Iceland is a fascinating country with a rich and diverse culture that spans more than a thousand years. Here are some interesting facts about the people who live there and their way of life.
- Icelanders are proud of their language, which is a direct descendant of Old Norse, the language of the Vikings who settled the island in the 9th and 10th centuries. Icelanders still use the same alphabet as the ancient Norse, with some additional letters. They also preserve many old words and expressions that have disappeared from other modern languages. Icelanders are avid readers and writers, and have produced many literary works, especially the sagas, which are epic stories of heroes and adventures that took place during the settlement period1.
- Icelanders are also very creative and artistic, with a strong tradition of crafts such as weaving, silversmithing, and wood carving. They have a vibrant music scene, with genres ranging from folk to pop to metal. Some of the most famous Icelandic musicians include Björk, Sigur Rós, and Of Monsters and Men. Icelanders also love theater, cinema, and art, and have many festivals and events throughout the year to celebrate their culture. Reykjavík, the capital city, is home to several professional theaters, art galleries, bookstores, cinemas and museums1.

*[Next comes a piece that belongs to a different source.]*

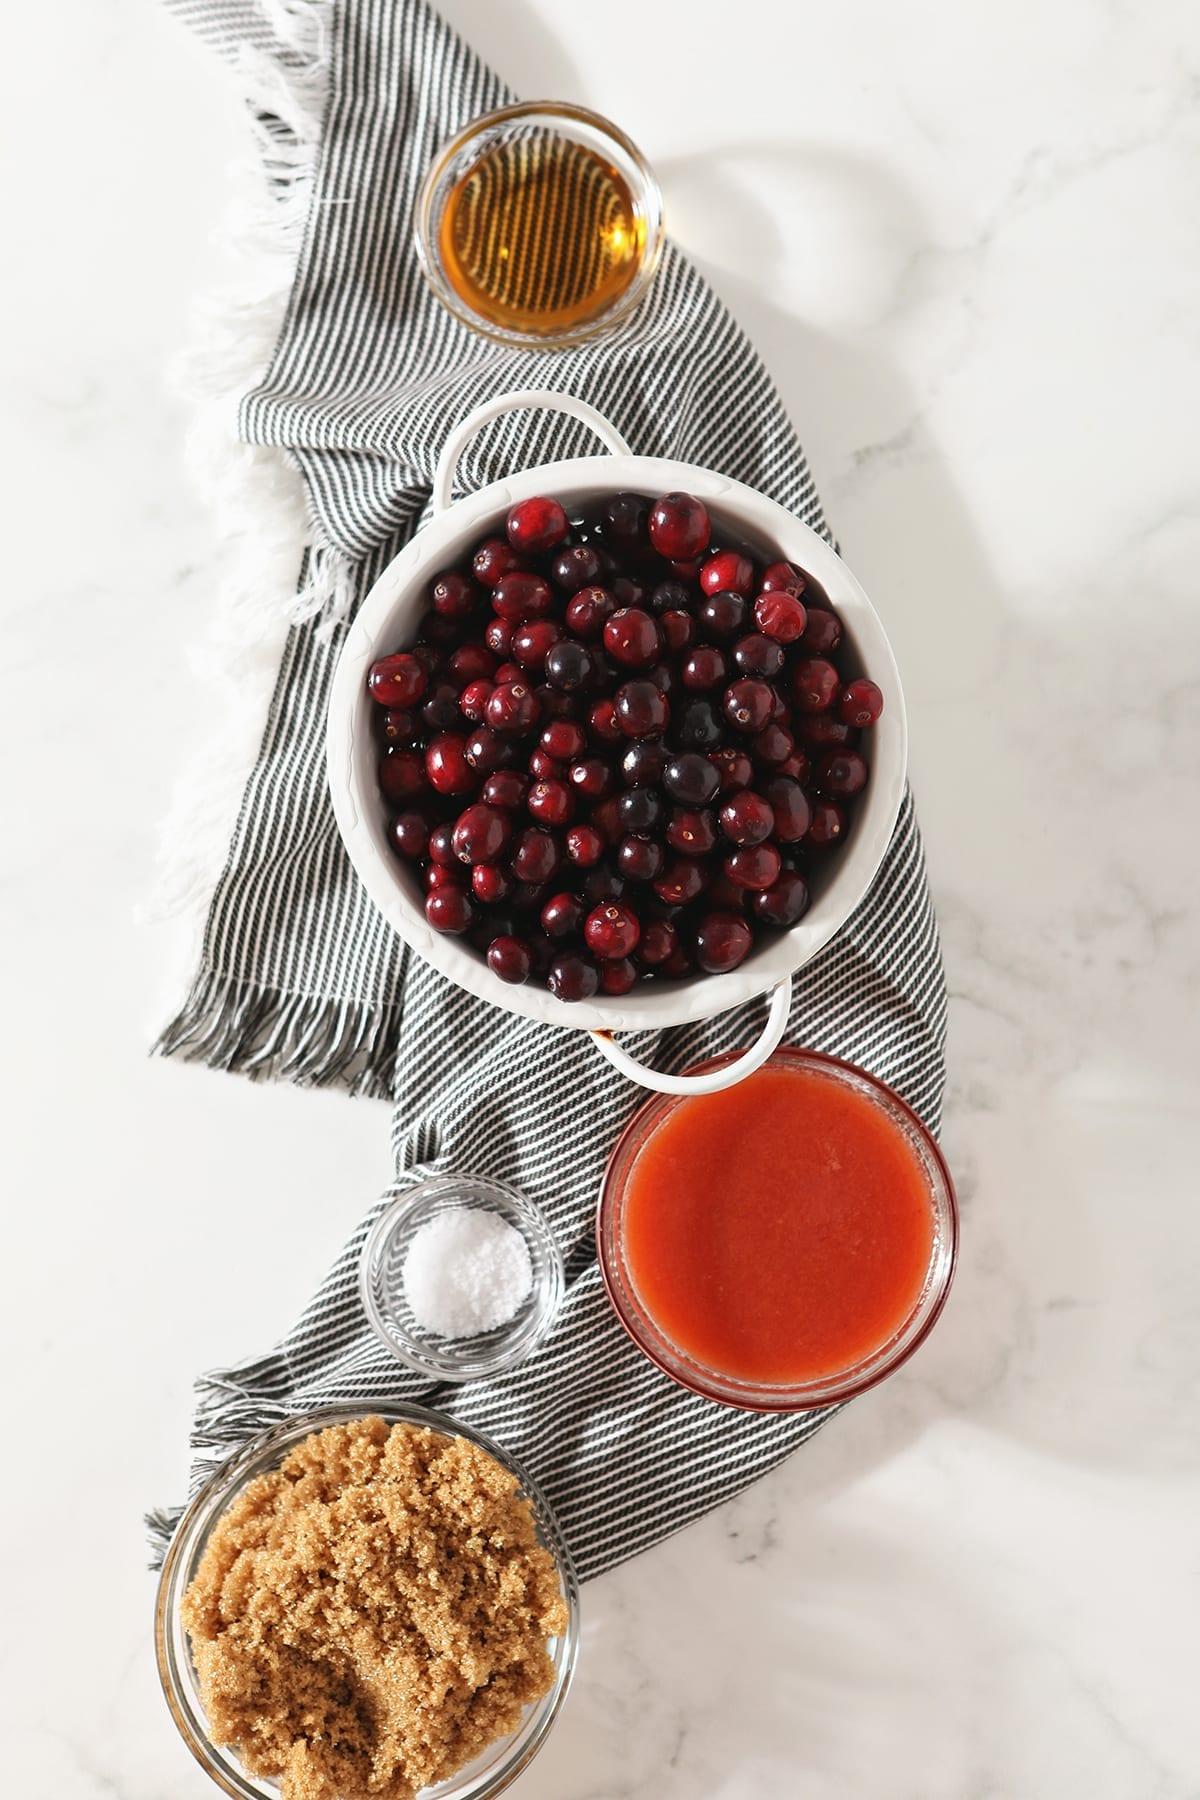 Fresh cranberries, orange juice, brown sugar, salt, and rum on a gray striped towel

- Icelanders are adventurous and resilient, living in a land of contrasts and extremes. They have to cope with harsh winters, volcanic eruptions, earthquakes, and geysers. They also enjoy the benefits of their unique geography, such as hot springs, glaciers, waterfalls, and the northern lights. Icelanders are very environmentally conscious and use renewable energy sources such as geothermal and hydroelectric power to heat their homes and buildings. They also have a high standard of living and a strong social welfare system2.
- Icelanders are friendly and hospitable, with a sense of humor and a love of storytelling. They are very independent and egalitarian, with a high regard for human rights and democracy. They have one of the oldest parliaments in the world, dating back to 930 AD2. They also have a strong focus on feminism and gender equality, with women playing prominent roles in politics, business, education, and culture3. Icelanders are very open-minded and tolerant of different beliefs and lifestyles3.
- Icelanders have many hobbies and pastimes that reflect their culture and interests. Some of the most popular ones include hiking, skiing, fishing, horse riding, swimming, knitting, chess, soccer, handball, golf, and chess3. Icelanders also have some unique traditions and customs that mark their calendar year. Some of these include Bondadagur (Husband’s Day), Konudagur (Women’s Day), Thorrablot (Midwinter Feast), Twelfth Night (Last Day of Christmas), Sumardagurinn Fyrsti (First Day of Summer), Verslunarmannahelgi (Merchants’ Weekend), Menningarnótt (Culture Night), Jólabókaflóð (Christmas Book Flood), Þrettándinn (Thirteenth Night), and many more4.
Iceland is a country that offers a lot to explore and discover for anyone who is interested in its culture. It is a place where ancient traditions meet modern innovations, where nature meets art, where adventure meets comfort, where diversity meets harmony. It is a place where you can experience the magic of Iceland.